During the groundbreaking ceremony of Boeung Kak construction on July 11th, 2011, H.E Kep Chuk Tema, a former Phnom Penh governor, explained the government’s theory for the development of Phnom Penh. The city is a basin and lower than sea level, which is why it is surrounded by many lakes. The Capital can only be expanded and developed by “reclaiming” some of these lakes such as Boeung Techo (where Central Market stands today), Boeung Raing, Boeung Keng Kang, Ou Russey, and well as other lakes. Therefore, the filling of lakes around the city is necessary and cannot be avoided. As a result, many lakes in Phnom Penh have been filled and used as land for housing and other infrastructure projects to help cope with the population growth in the city. Over the past few years, two major lakes have been filled and have received a lot attention from the public as well as the international community. These two lake projects are the Boeung Kak construction and Beoung Tompun development project.
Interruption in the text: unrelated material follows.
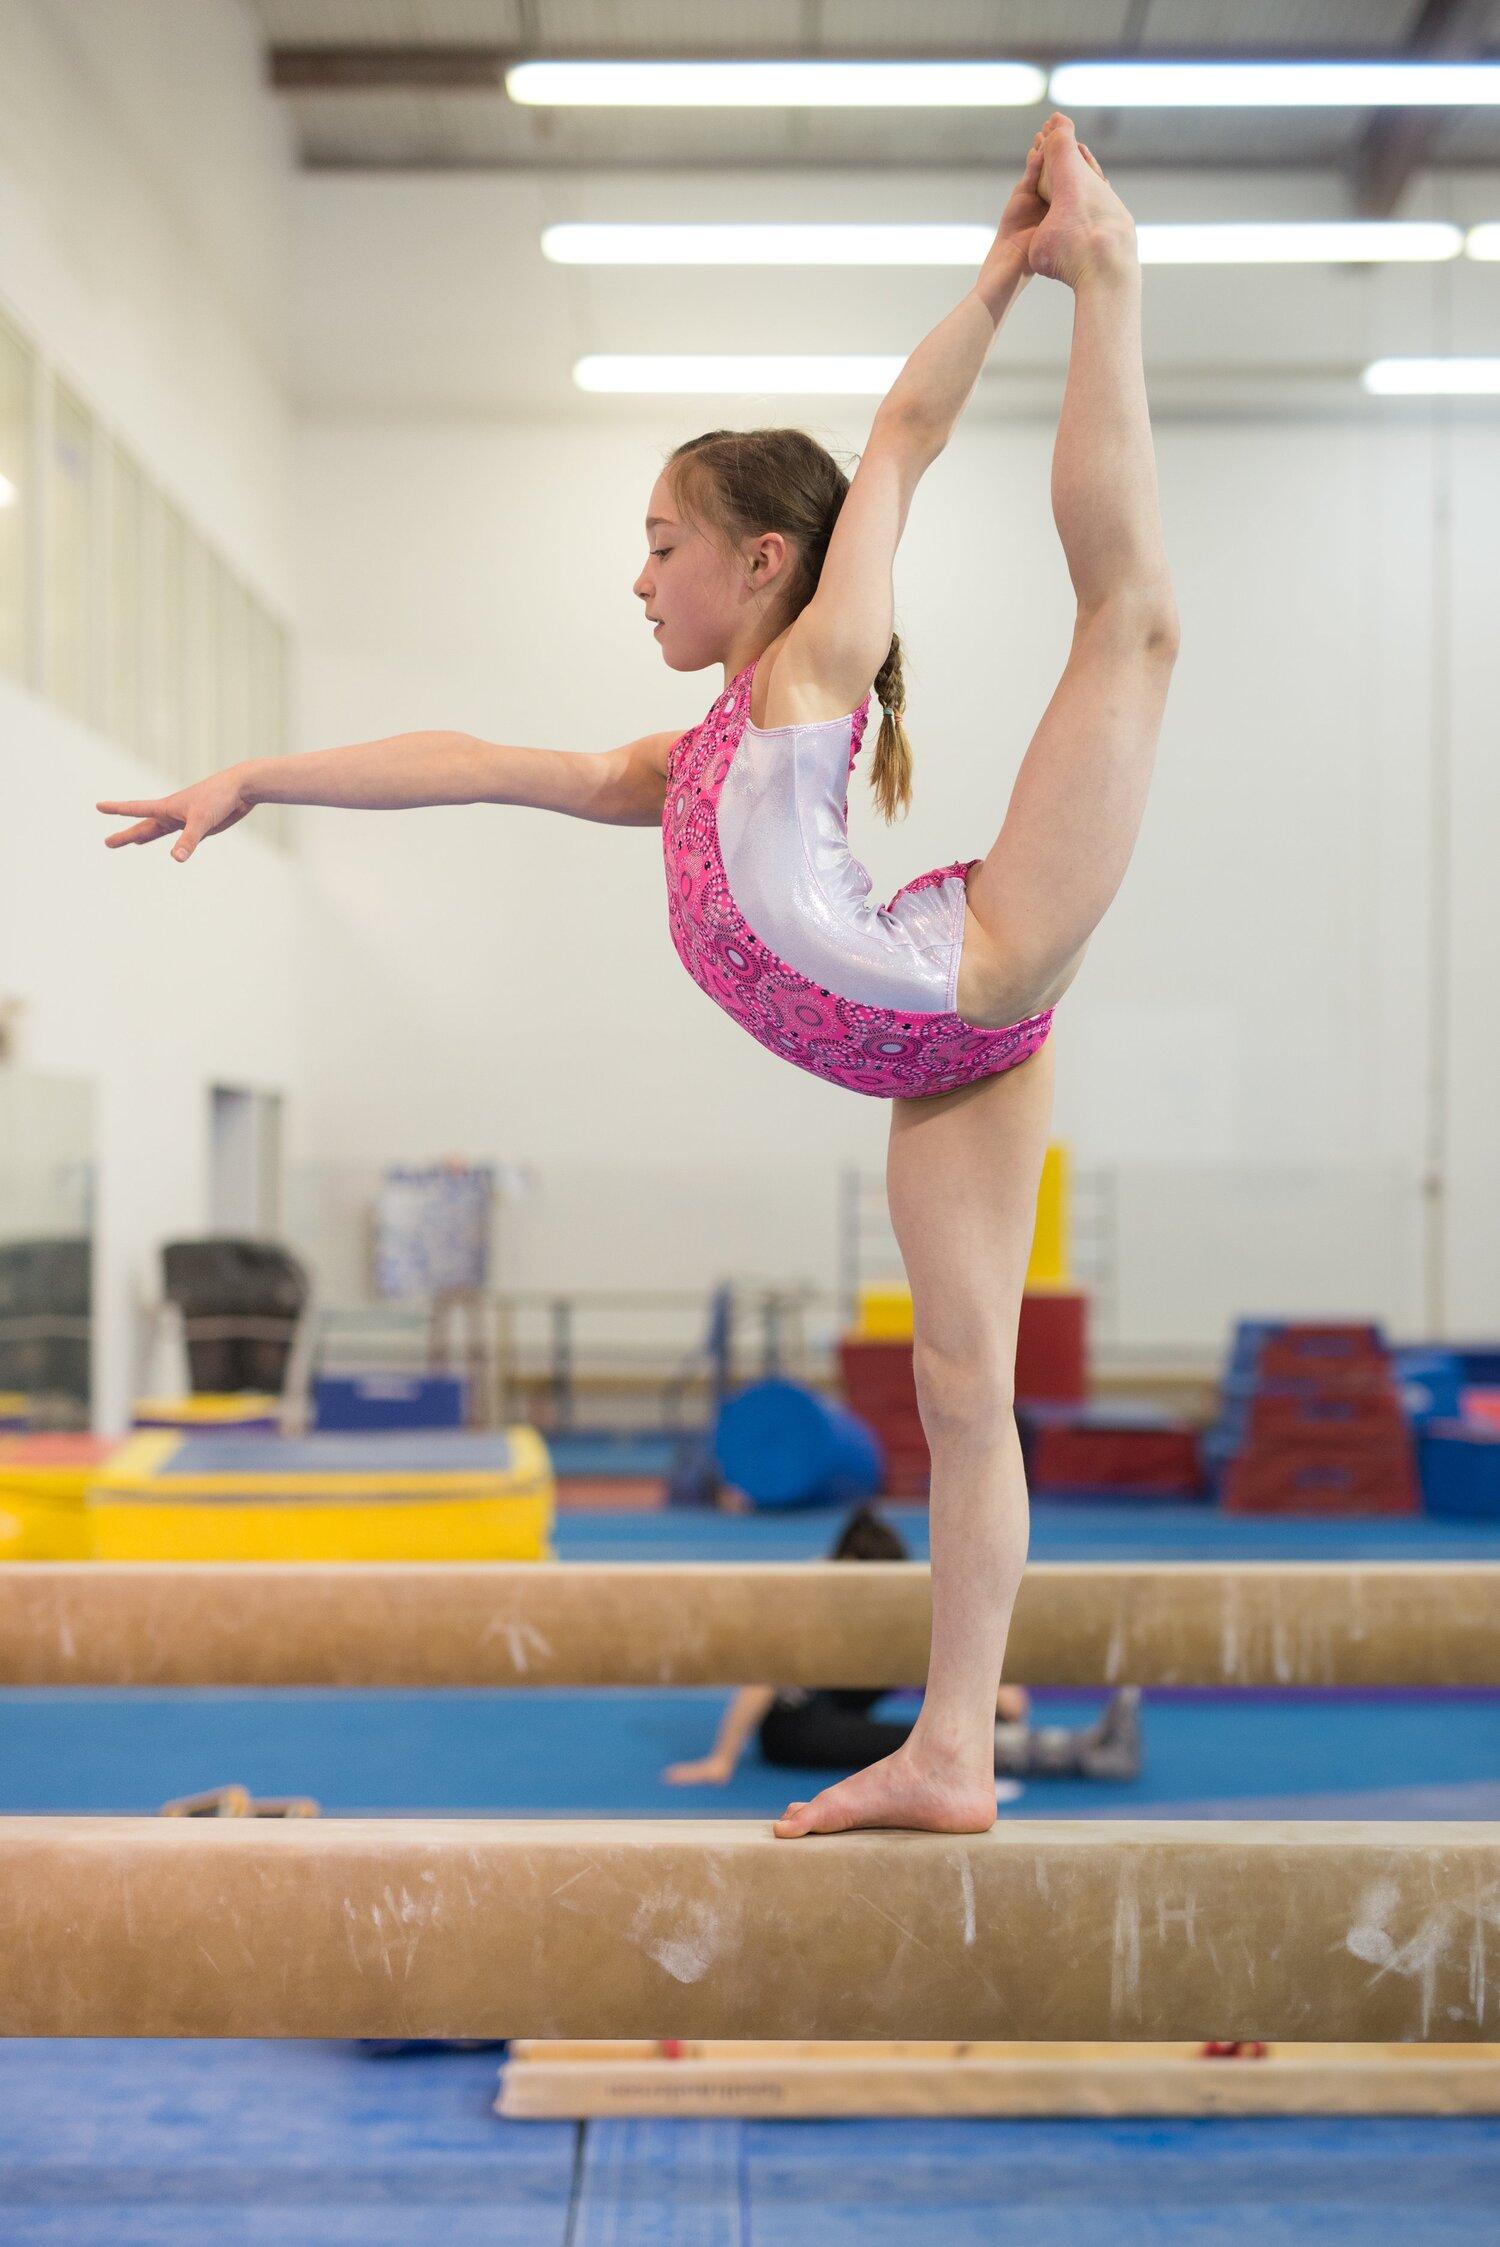 Gymnastics education - Gym Starz, the Leading Gymnastics

The transformation of Boeung Kak started in 2011, as mentioned earlier. The groundbreaking ceremony was chaired by H.E Kep Chuk Tema, along with Prime Minister Hun Sen. Boeung Kak is one of the largest lakes in the city (133 hectares including the surrounding area). This lake area was inhabited by 10 villages with about 4,000 families located in Sangkat Boeung Kak I & II of the Toul Kork district and Sangkat Srah Chak of the Doun Penh district. The Cambodian government awarded 99-year lease to a private Chinese company named Shukaku Inc in February 2007. The company is aiming to develop the area into a satellite city based on its master plan, which was approved by the Council for Development of Cambodia and the Phnom Penh City Hall. This area will then become high-end residential, commercial, and tourism complex with business centers, department stores, conference halls, hotels, universities, hospitals, and other infrastructure. According to H.E Kep Chuk Tema, the development of Beoung Kak will also help reduce traffic congestion around the area in addition to the establishment of a modernized satellite city.
The other major lake project going on in the capital is the Boeung Tompun development project. Boeung Tompun is located in the Meanchey district covering around 2,600 hectares of land with 520 hectares of surface water and is believed to be home to over 700 families. During the groundbreaking ceremony of Boeung Kak construction, H.E Kep Chuk Tema also announced similar a development plan for Boeung Tompun since the government had already approved a joint-venture project in 2009 between unnamed local and foreign firms to develop Boeung Tompun as a satellite city as well. Boeung Tompun, one of the largest lakes in Phnom Penh, has been a vital source of living for the residents around the area. Every day, residents would pick morning glory or go fishing in the lake. In addition, the lake acts a reservoir that stores rainwater from the city. The water travels through a network of pipes, into open canals or an underground drainage system and is finally released into this natural lake that lies to the south of the city. Without this giant lake, the city will face serious flood issues during the rainy season. Moreover, the lake plays another major role as a natural treatment center before the wastewater goes into the river. The morning glory and water mimosa that are grown in the lake are biologically equipped to treat the wastewater by capturing and reutilizing nutrients before releasing the water into the Bassac River. According to a 2006 report from the European Commission’s International Scientific Cooperation, this natural system of treating wastewater in Phnom Penh is an effective, low cost means of biological treatment of the city’s wastewater since the capital does not have a hi-tech wastewater treatment plant.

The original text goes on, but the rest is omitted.